Everyone then headed inside the State House for a program led by Representative Russell Holmes. The program featured words from original protestors like Anne Hershfang and Chuck Turner, as well as Kailyn Crockett, author of People Before Highways: Boston Activists, Urban Planners, and a New Movement for City Making, and Representative Nika Elugardo, among others.

“50 years ago on this very day, at this very building, activists from across the region came together to raise their voices,” Crockett said to a packed crowd at the bottom of the Grand Stair Case at the State House. To a rousing round of applause, she added, “We are not finished yet.”

Crockett said that the idea behind this 50th anniversary was to have 50 people come because they wanted to have one person for each year of activism and memory, but the crowd exceeded 50. “This is not a small event, this is not a small moment.
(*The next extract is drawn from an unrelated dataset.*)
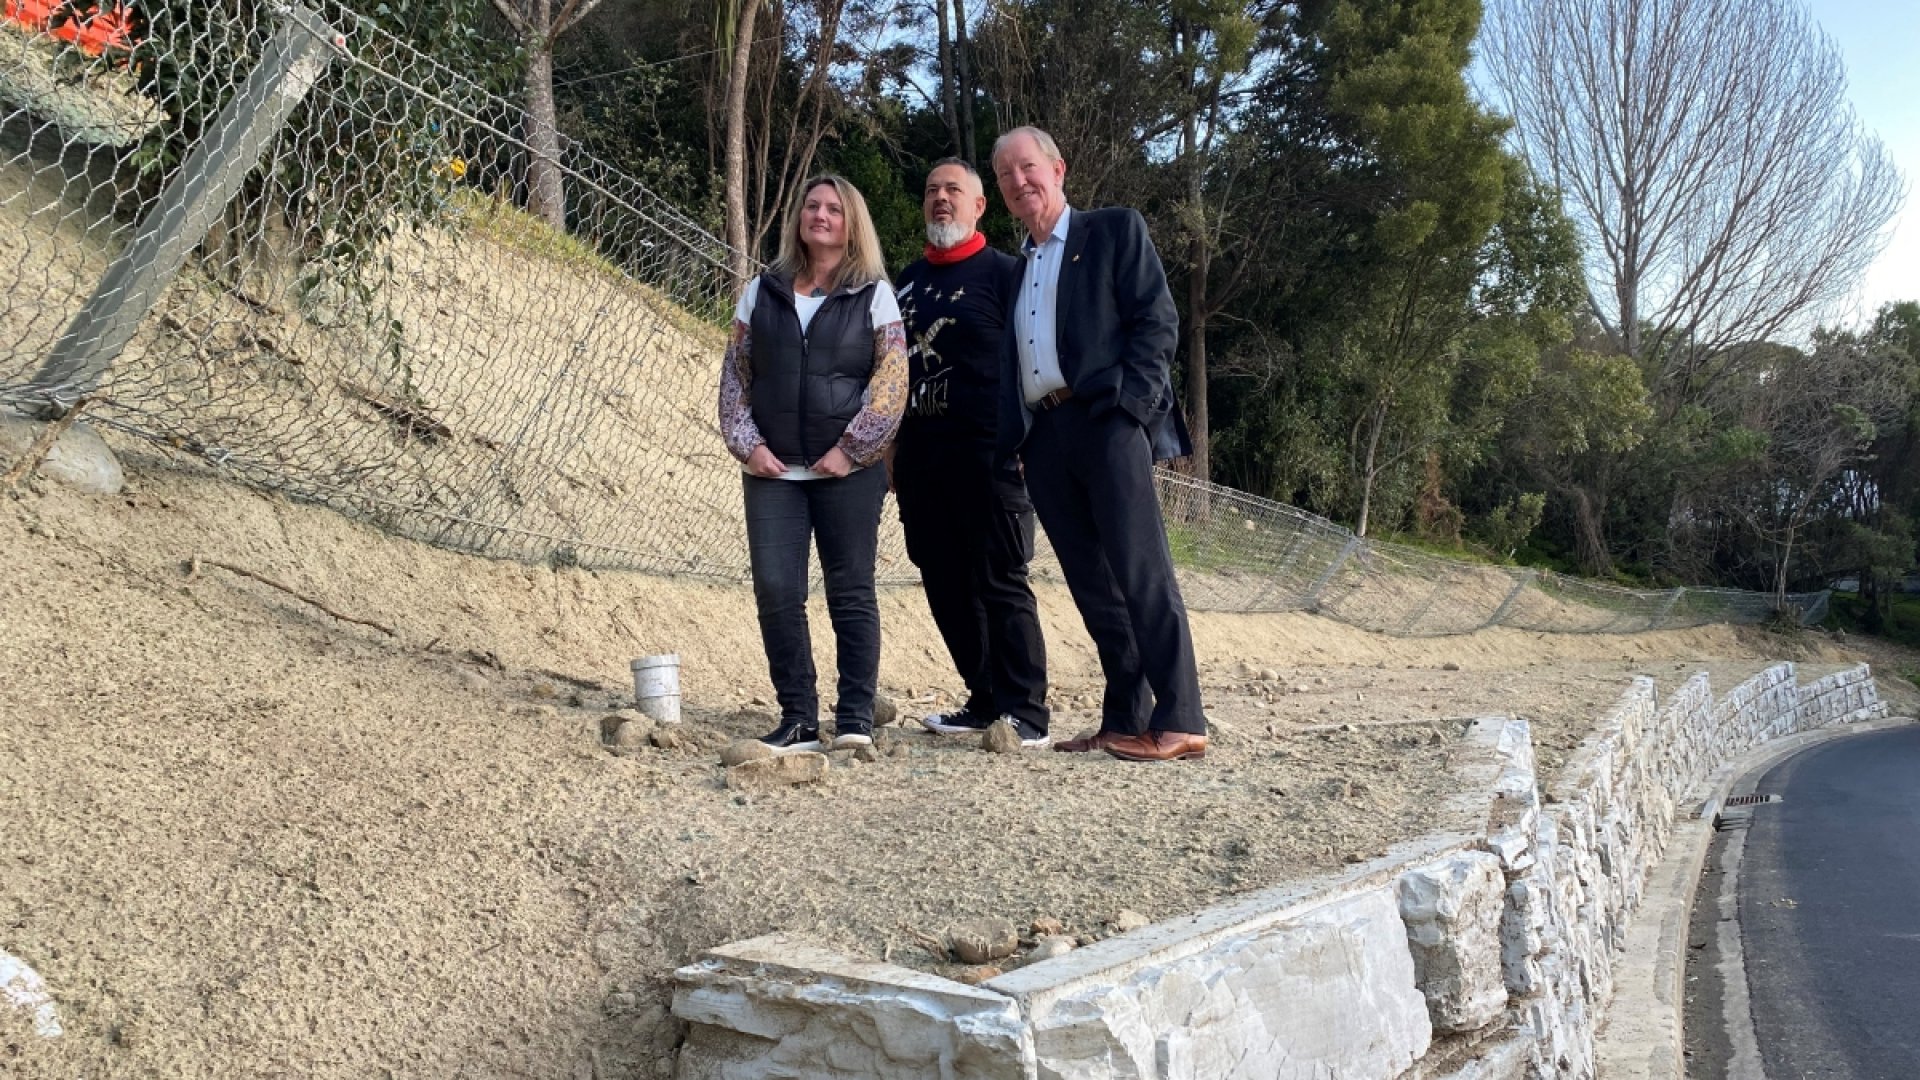 Members of the Nelson City Council Storm Recovery Taskforce Councillor Trudie Brand, Councillor Matty Anderson and Mayor Nick Smith inspect the rockfall protection fence and block retaining wall along Moana Avenue.

This is not a small crowd or a small history,” she said. “We are here today to celebrate and honor an incredibly long legacy of organizing activism and grassroots power.”

There is a plaque outside the Roxbury Crossing orange line station depicting the Southwest Corridor and the history of the planned highway development. Across the top is a list of all of the names of the original activists, which Crockett and Lou Finfer of the Massachusetts Communities Action Network read out loud during the program.

“It is amazing, almost emotional, to recognize the power that’s in this room,” Crockett said. She said that though many of the people on the list have passed, the power and spirit of their work and commitment is “very much alive in this room.”

Activists Chuck Turner and Ann Hershfang were, according to Crockett, the keynote speakers for the program, because “they were people who were so instrumental in the building movement that made the highway opposition and the power around…as strong as it was,” she said.

“From my perspective, the fight was really a memorable fight because I think it was the first time outside of war and poverty that people from different neighborhoods came together, that activists stood up and said we have to struggle with others,” Turner said in his remarks. He said that the original protest was the first time he can remember community activists being joined by city officials, business people, and environmentalists to work together on bettering the city.

“It was an opportunity for us to come together and say let’s do it together by sharing our minds and our energies,” he added. “We are in a challenging time,” he said. “There are some fights that we can’t afford to lose.”

Hershfang’s words focused on what happened back in the 1960s during the original protests. Hershfang said that she was part of the original group that opposed the South End Bypass, which was a four lane highway and Orange Line track that was going to go through the South End. She spoke of how she and the rest of the group, though generally ignored and without power, overcame those above them.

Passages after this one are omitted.